Opinion - Commentary

Insana: The manic speculation behind the fall of FTX is as old as the markets themselves

Sam Bankman-Fried, co-founder and chief executive officer of FTX, in Hong Kong, China, on Tuesday, May 11, 2021.
Lam Yik | Bloomberg | Getty Images

With a nod to Gertrude Stein, "there's no there there," in the world of cryptocurrencies.

The spectacular crash of FTX – the crypto exchange founded by the one-time wunderkind, Sam Bankman-Fried – coupled with his stunning loss of wealth is yet another lesson in how rank speculation adversely affects markets and even the most seasoned investors.
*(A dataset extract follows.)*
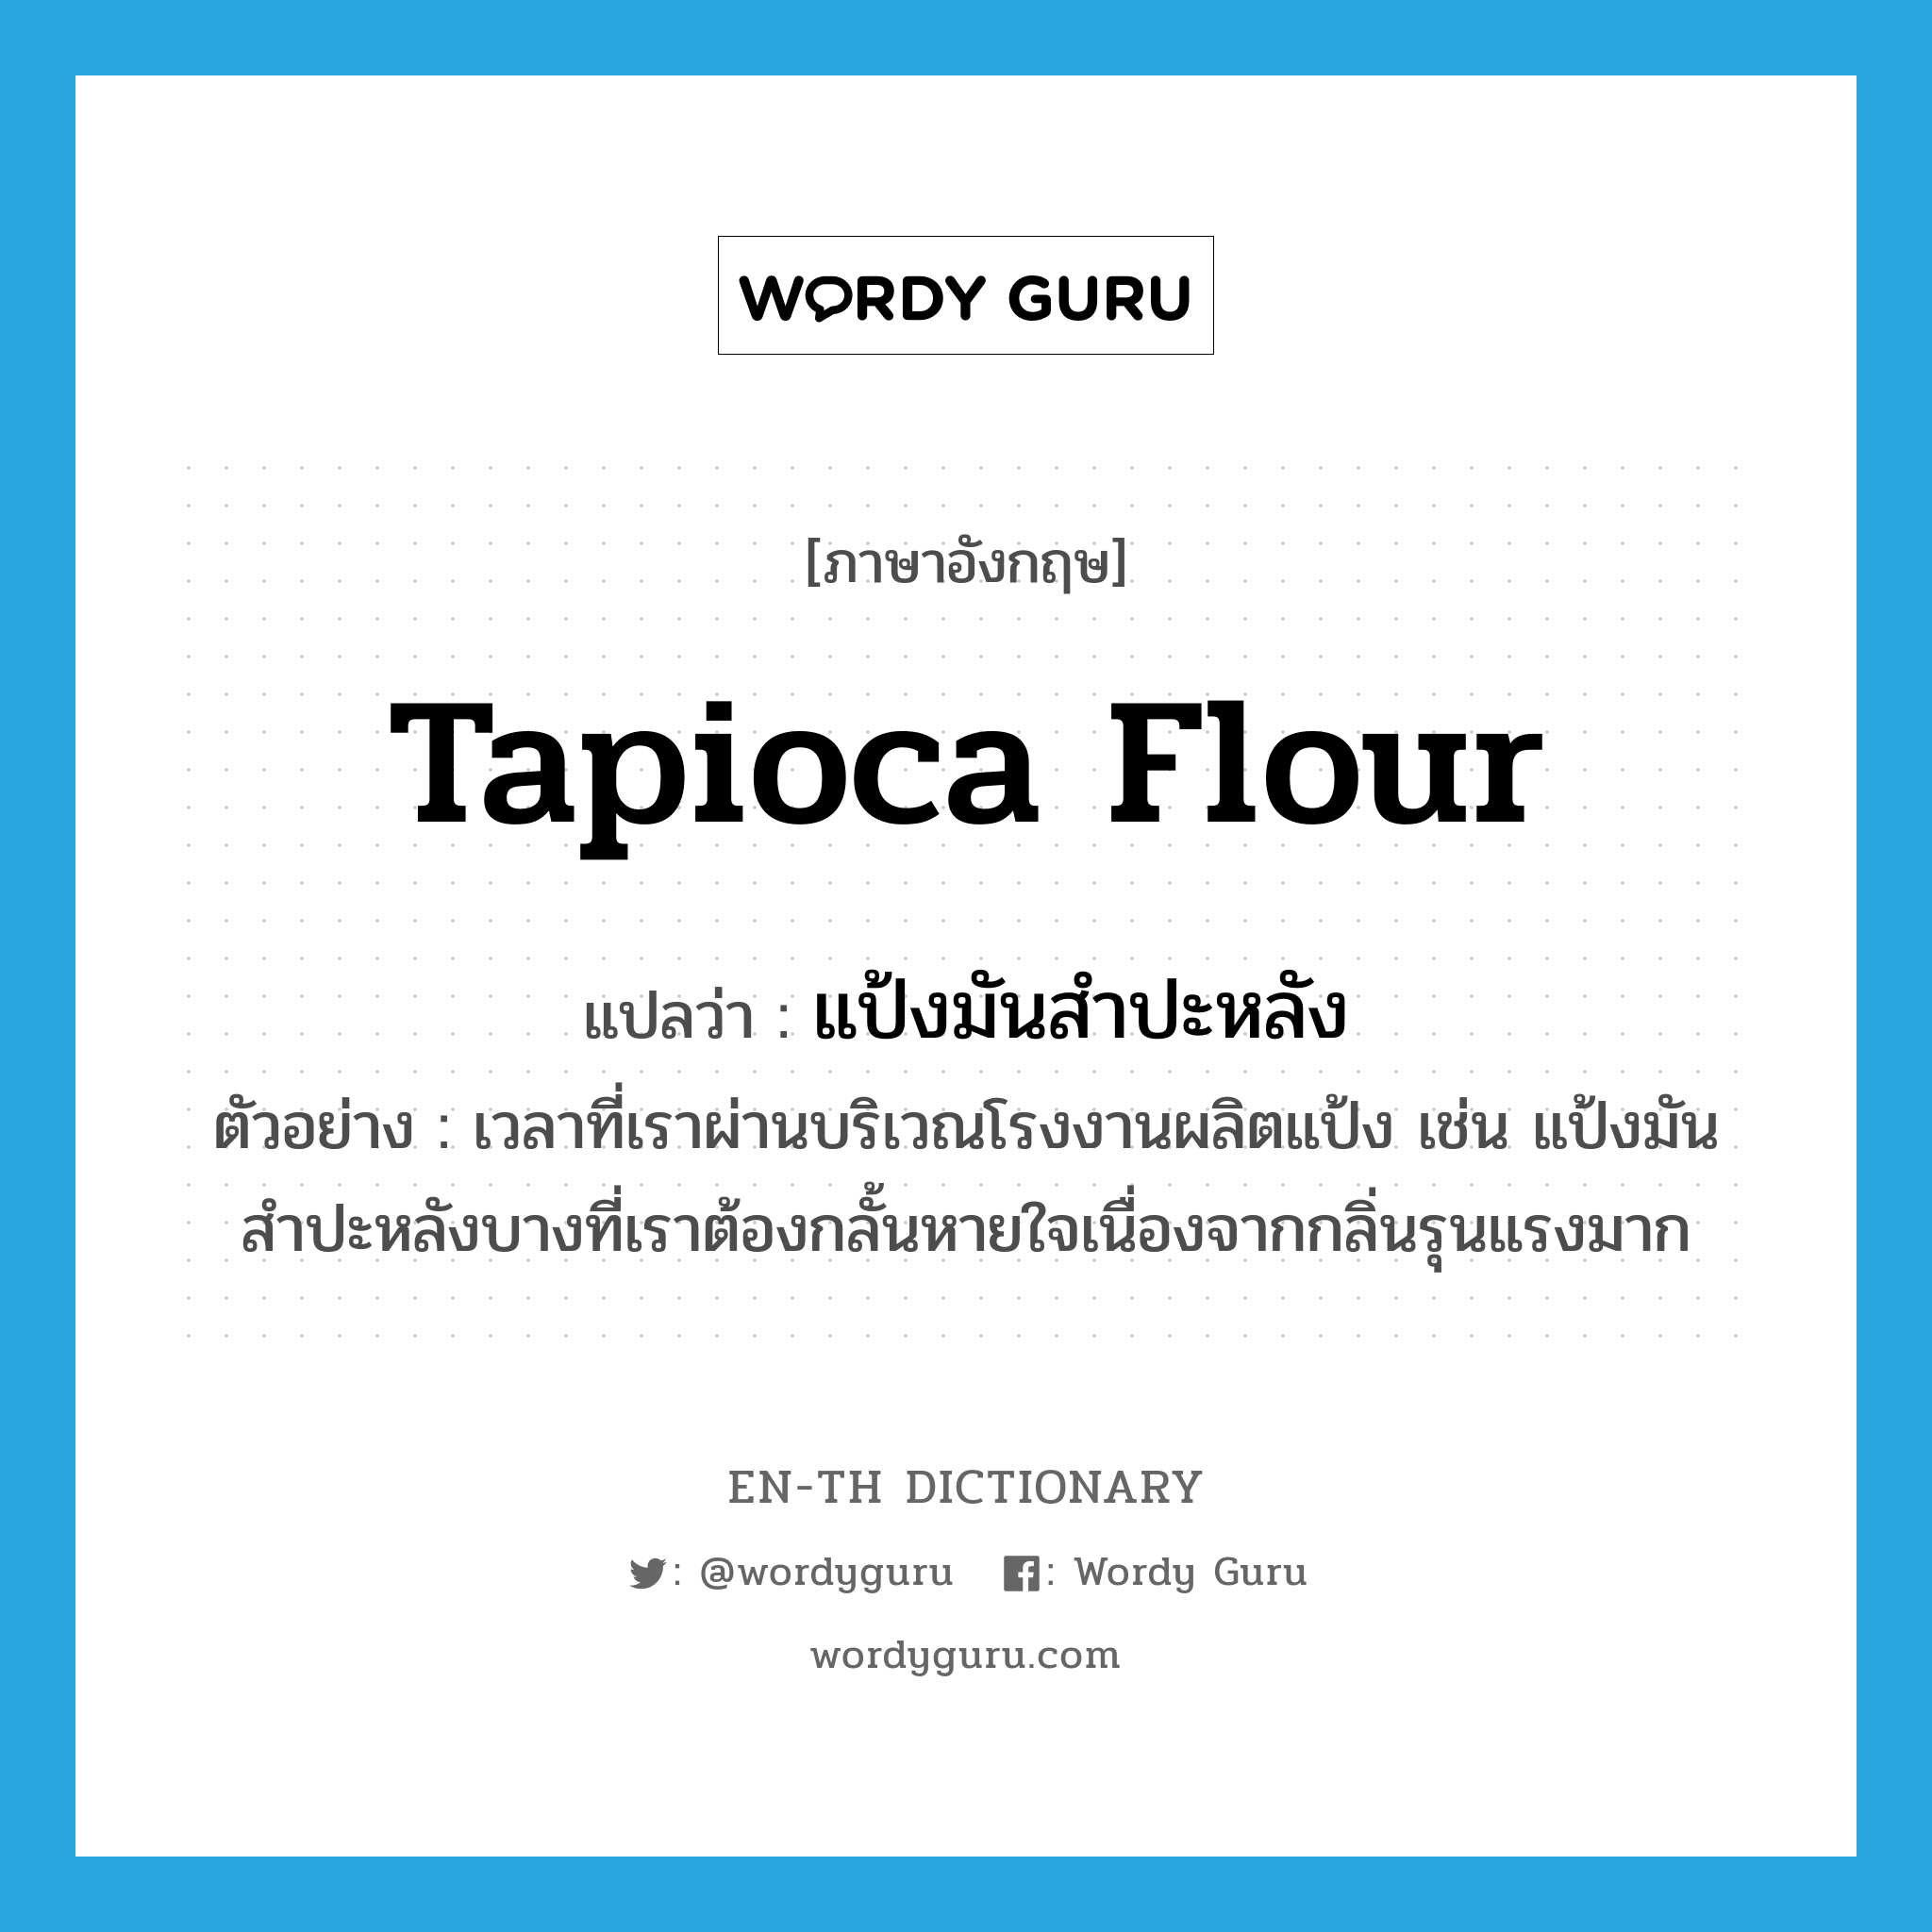 tapioca flour แปลว่า?, คำศัพท์ภาษาอังกฤษ tapioca flour แปลว่า แป้งมันสำปะหลัง ประเภท N ตัวอย่าง เวลาที่เราผ่านบริเวณโรงงานผลิตแป้ง เช่น แป้งมันสำปะหลังบางที่เราต้องกลั้นหายใจเนื่องจากกลิ่นรุนแรงมาก หมวด N
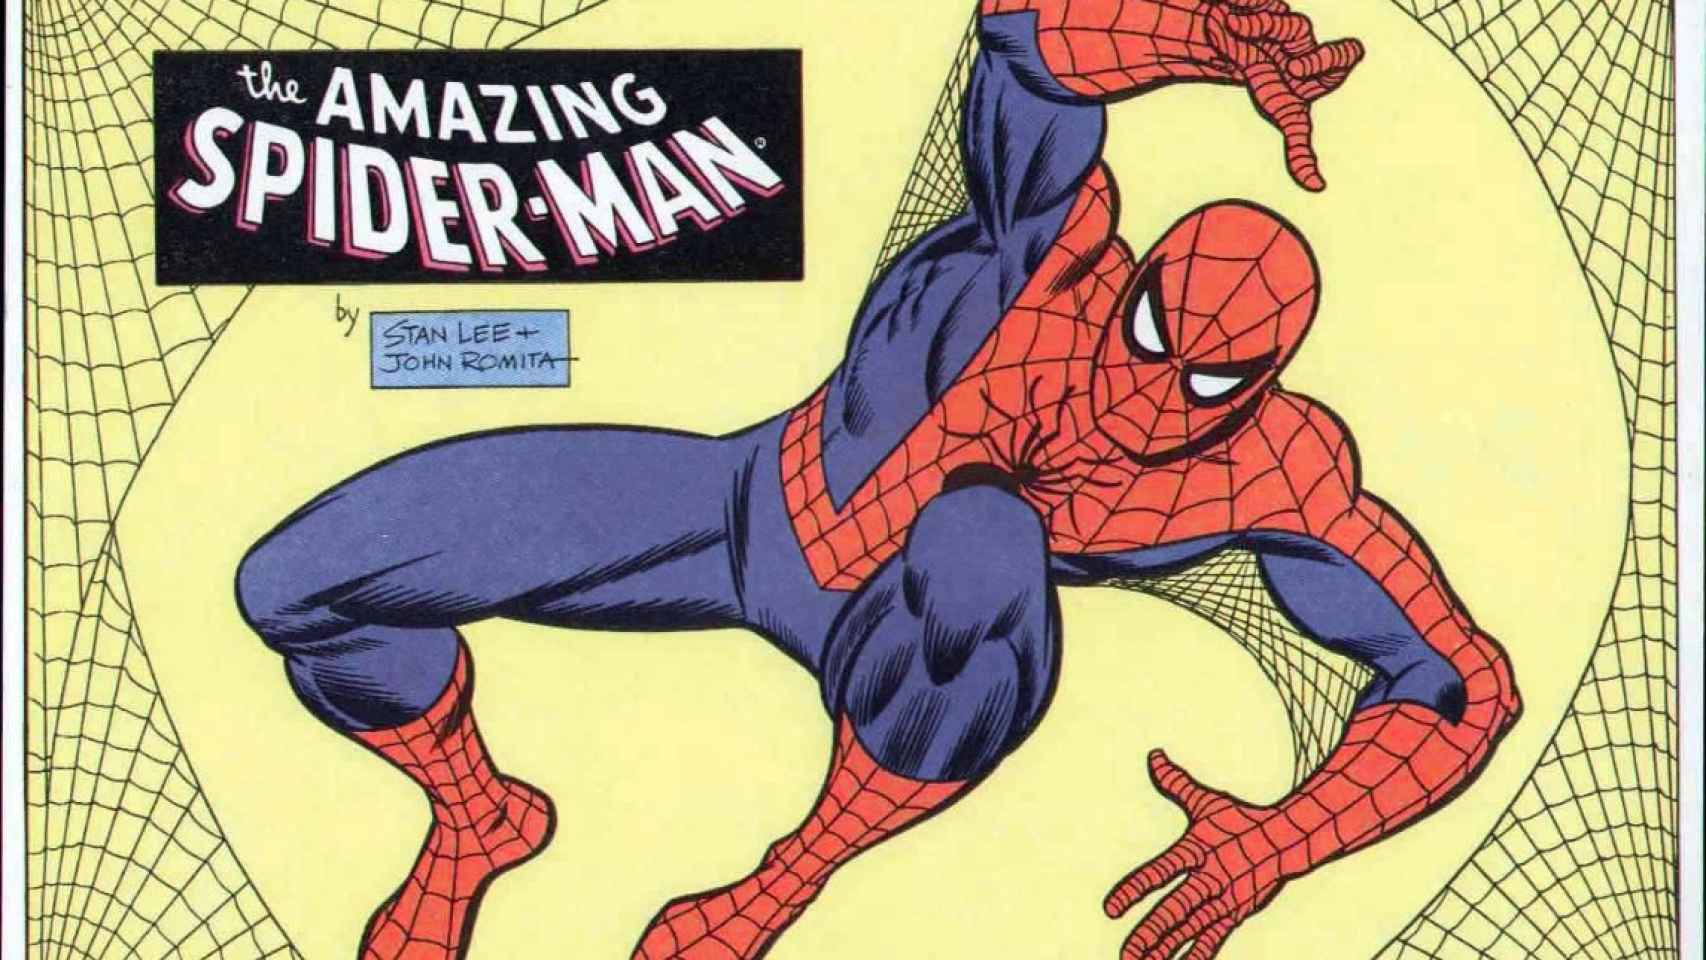 El increible Spiderman, un héroe arácnido al servicio del bien

Whether it's manias in Sumerian grain markets, Dutch tulip bulbs, railroad bonds and everything from internet service providers to digital currencies, leveraged speculation is as old as markets themselves.

The unsurprising crash in crypto is another example of everyone from the most sophisticated investors to the least-knowledgeable day traders being sold a bill of goods and buying it gleefully with the hopes at a shot of "earning" generational wealth.

It's both an old story and an ongoing one.

A familiar narrative

During the internet bubble, investors poured dollars into so-called "vaporware," computer hardware or software that had yet to be produced and was never released.

Most of it never was.

Crypto strikes me as a form of vaporware.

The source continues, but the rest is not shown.